AJAX Crawling Scheme
The AJAX crawling scheme is a method by which Google and other search engines crawl websites that provide dynamically generated content. Google has used this procedure since 2009. However, on October 15, 2015, Google announced that this crawling scheme was no longer recommended and deemed obsolete (depreciated). Instead, Progressive Enhancement and the possibilities of HTML5 (history API) is meant to be utilized to ensure accessibility of certain content to crawlers.

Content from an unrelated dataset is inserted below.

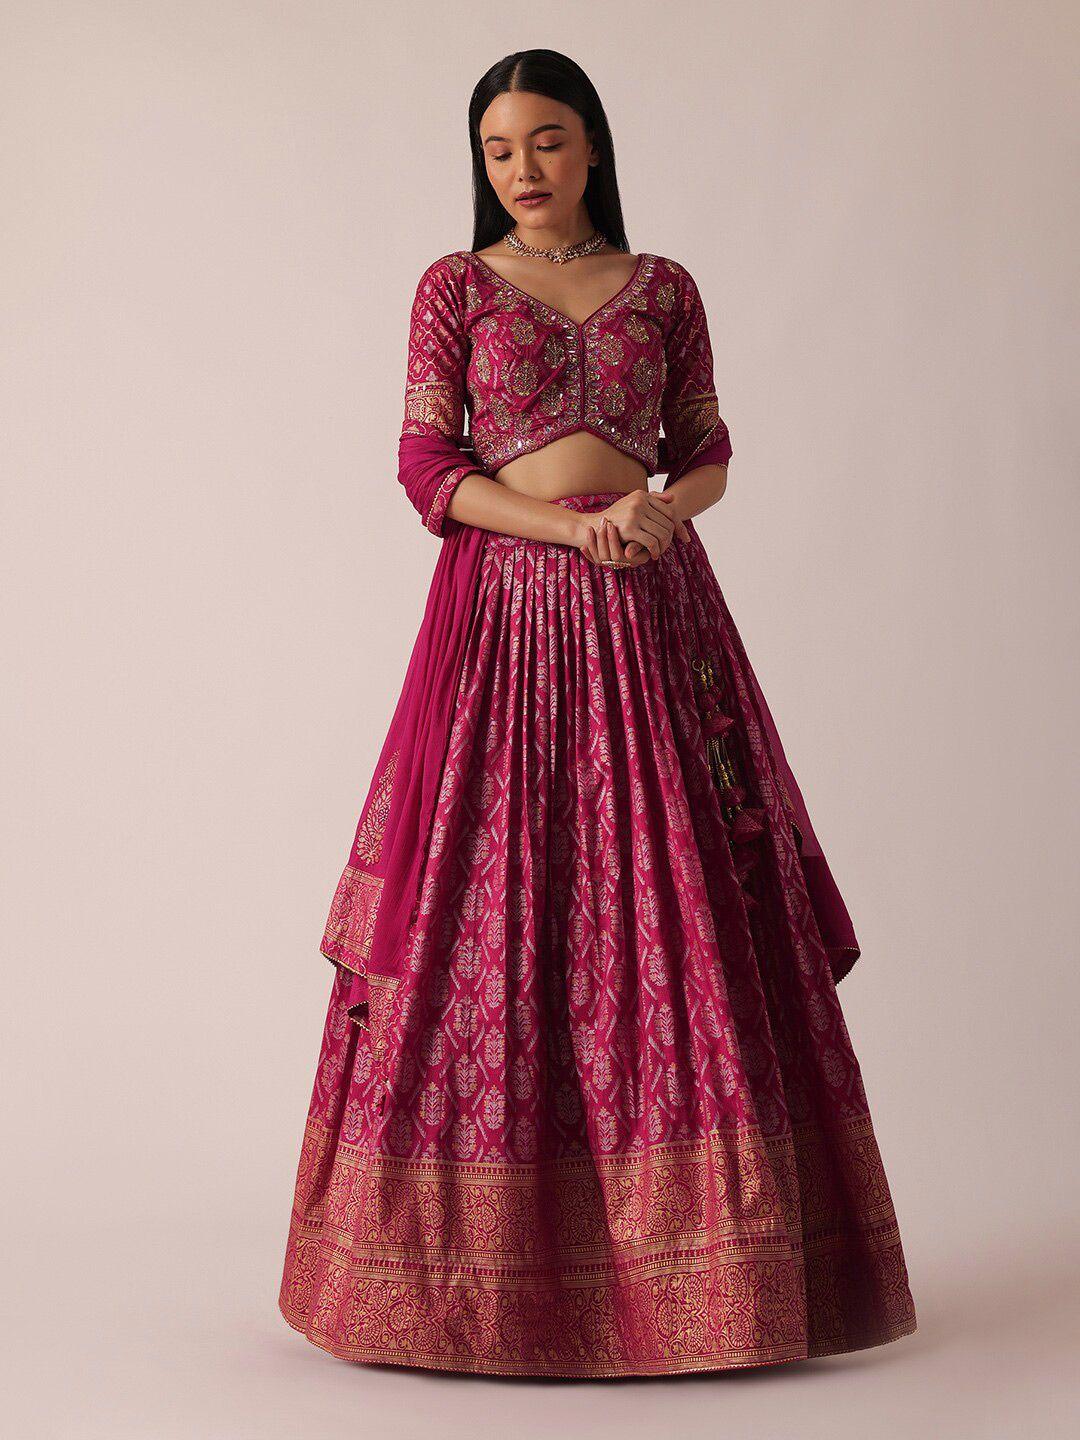 kalki fashion ethnic motifs woven design ready to wear lehenga & blouse with dupatta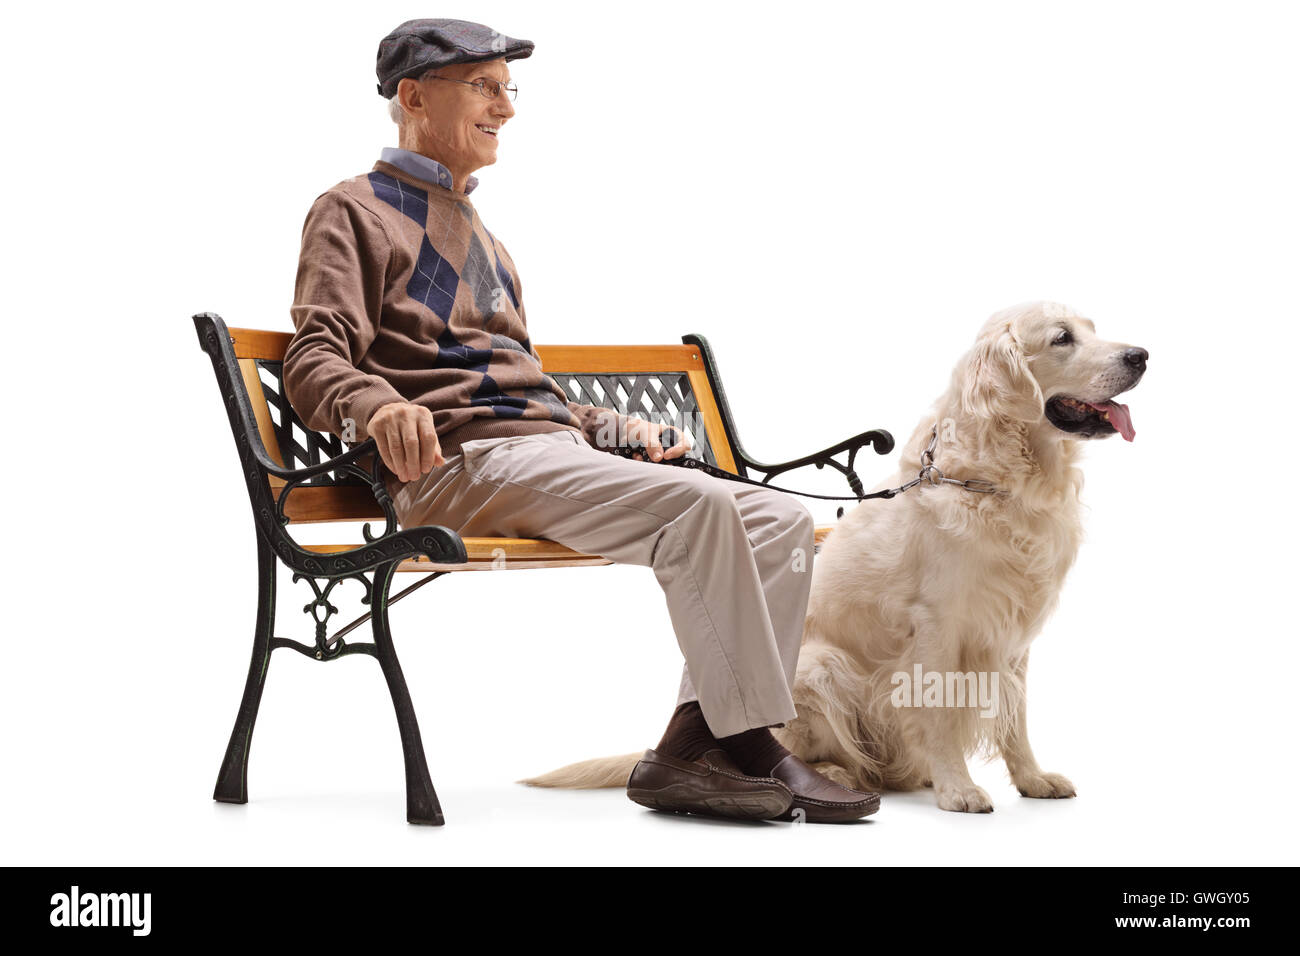 Hauts homme assis sur un banc avec son chien isolé sur fond blanc Banque D'Images

The connection between client and server does not get interrupted. Rather, the user initiates the process of dynamic content creation by clicking an object on the site. This action causes a script to be executed that is interposed between the HTTP communication of the server and client and loads previously selected content. The AJAX engine detects the call of the script (asynchronous request) and sends an XML request to the server or a database to find the content. The selected items are then loaded dynamically by the script on the website or executed.
How it works
The AJAX crawling scheme ensures that dynamically generated content can be read by crawlers, bots, or spiders. Since these programs which constantly analyze the global Internet cannot interpret dynamically generated web content or scripts, the scheme attempts to store an HTML snapshot of the current content on the server. Content with HTML markup will be readable even for text-based crawlers, because it basically exists in two different versions. Several steps are necessary to prepare a site for the crawling scheme:
- The first step is to note on the website that the AJAX crawling scheme is supported. A conventional website might have the following URL:
The exclamation point symbol (!) is noted on the sample domain with dynamically generated content. It is followed by the pound sign (#). This is the point where the hash fragments begin, in other words, anything that would be generated to handle a dynamic query (usually attributes and value pairs or Ids). The type of URL is referred to as AJAX URL. The combination of ! and # is often called a hashbang.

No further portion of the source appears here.